_RECORDED DATA:_
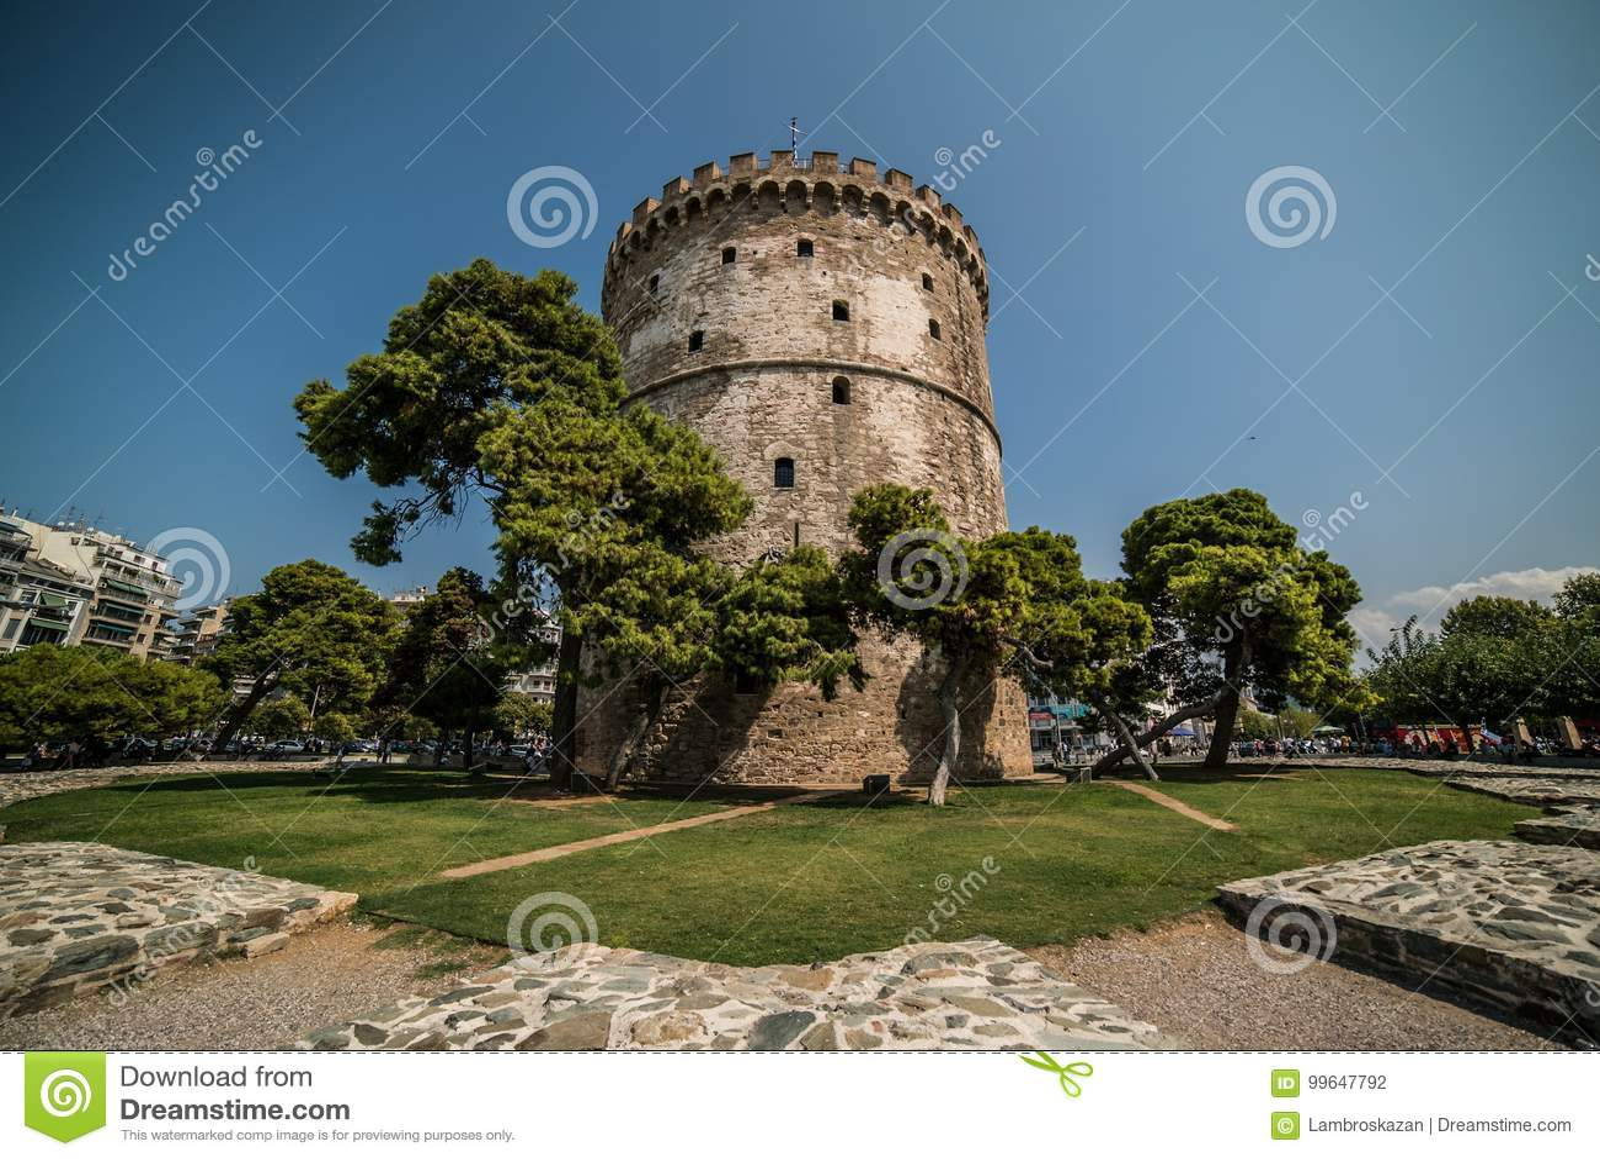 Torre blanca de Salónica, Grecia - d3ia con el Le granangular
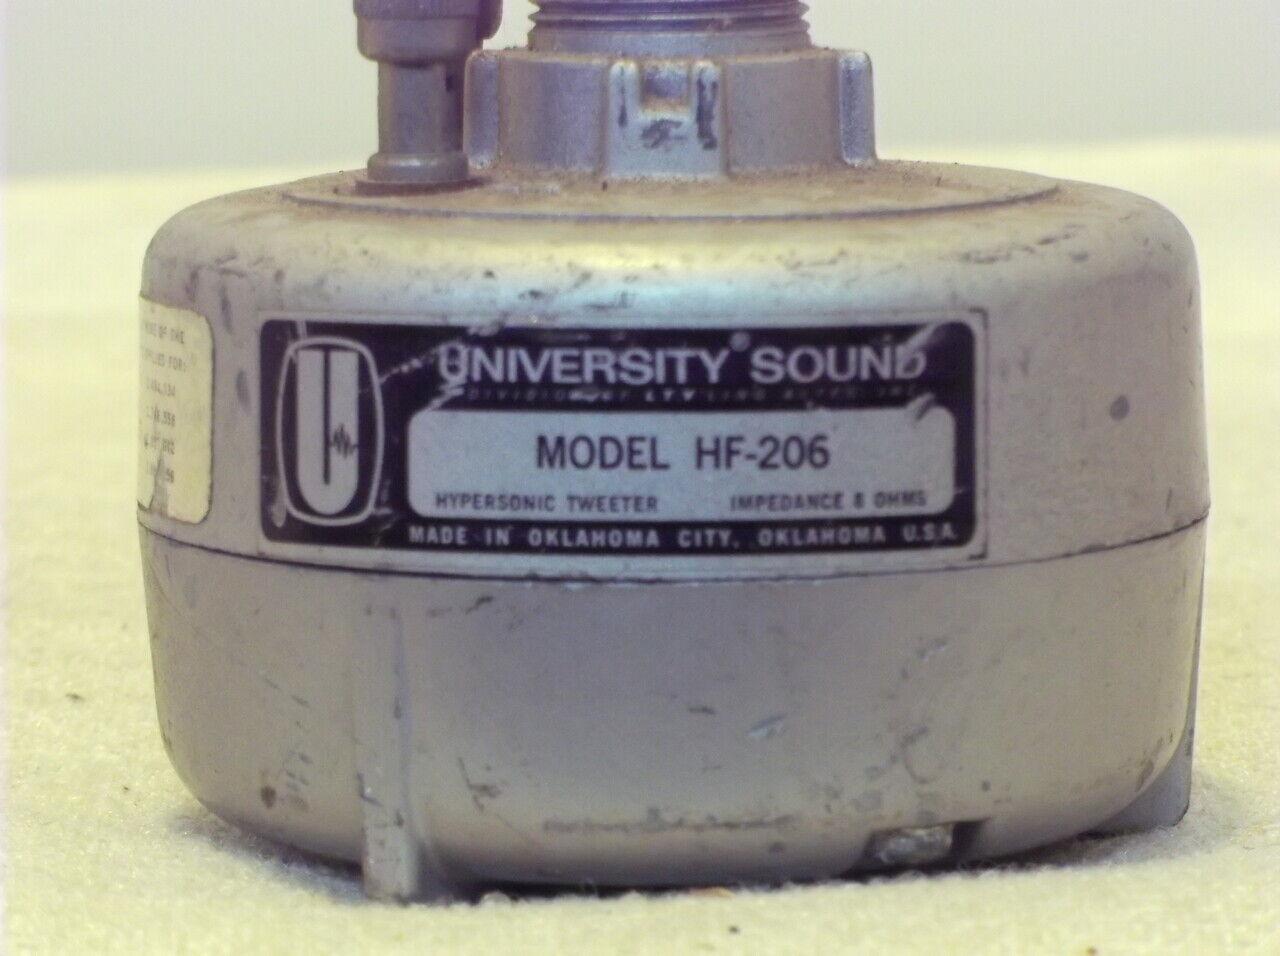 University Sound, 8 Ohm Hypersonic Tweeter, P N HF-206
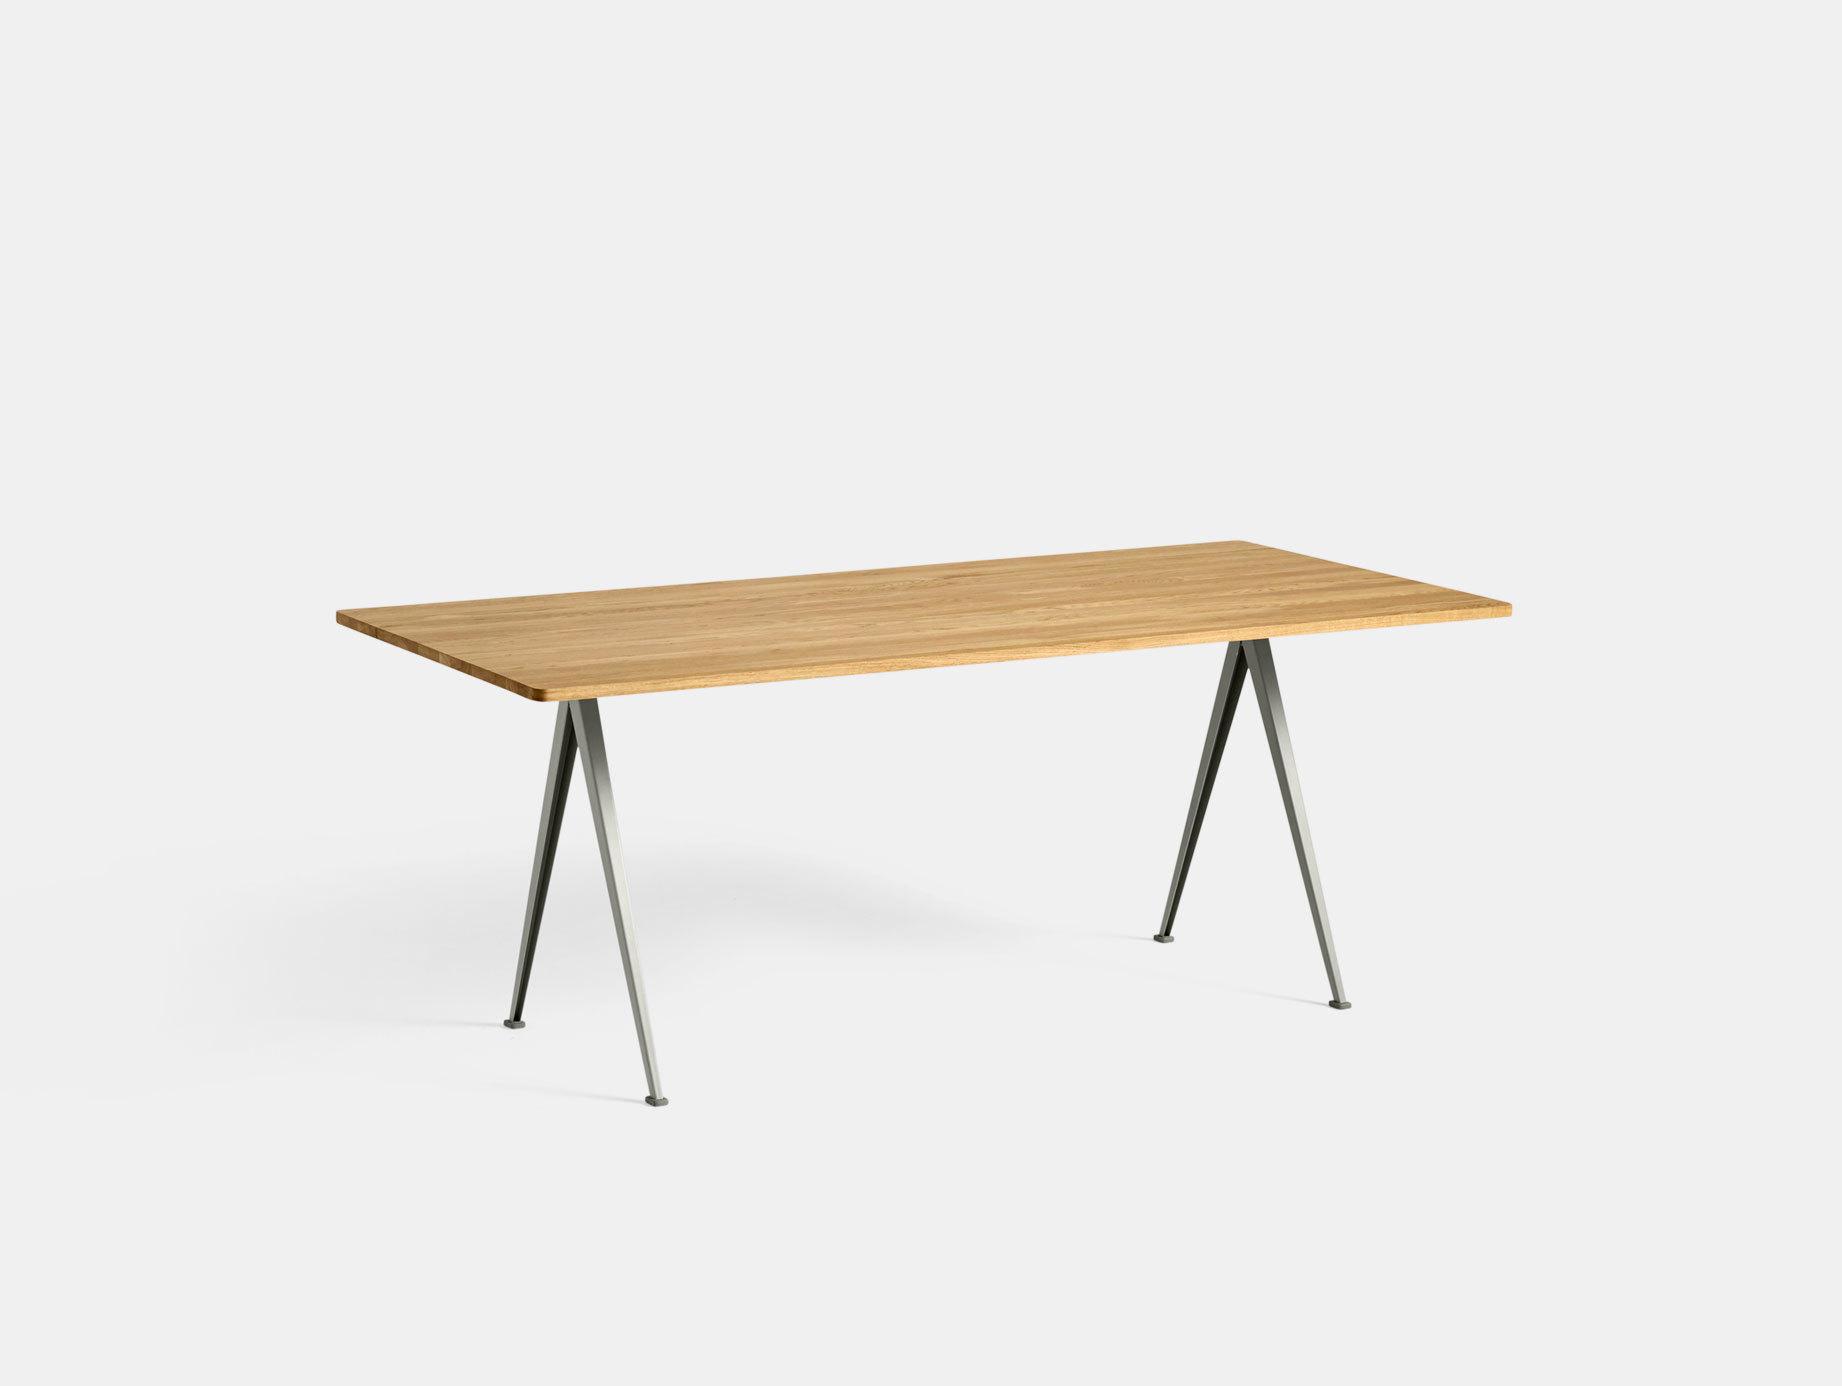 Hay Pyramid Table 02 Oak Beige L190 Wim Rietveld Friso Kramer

_ACTION ITEM:_ Retype, word for word, only the lines from the line with "University Sound, 8" to the final line of the listing above; the pictures do not belong in the copy.

_RESPONSE TO THE TASK:_
 University Sound, 8 Ohm Hypersonic Tweeter, P N HF-206
 Hay Pyramid Table 02 Oak Beige L190 Wim Rietveld Friso Kramer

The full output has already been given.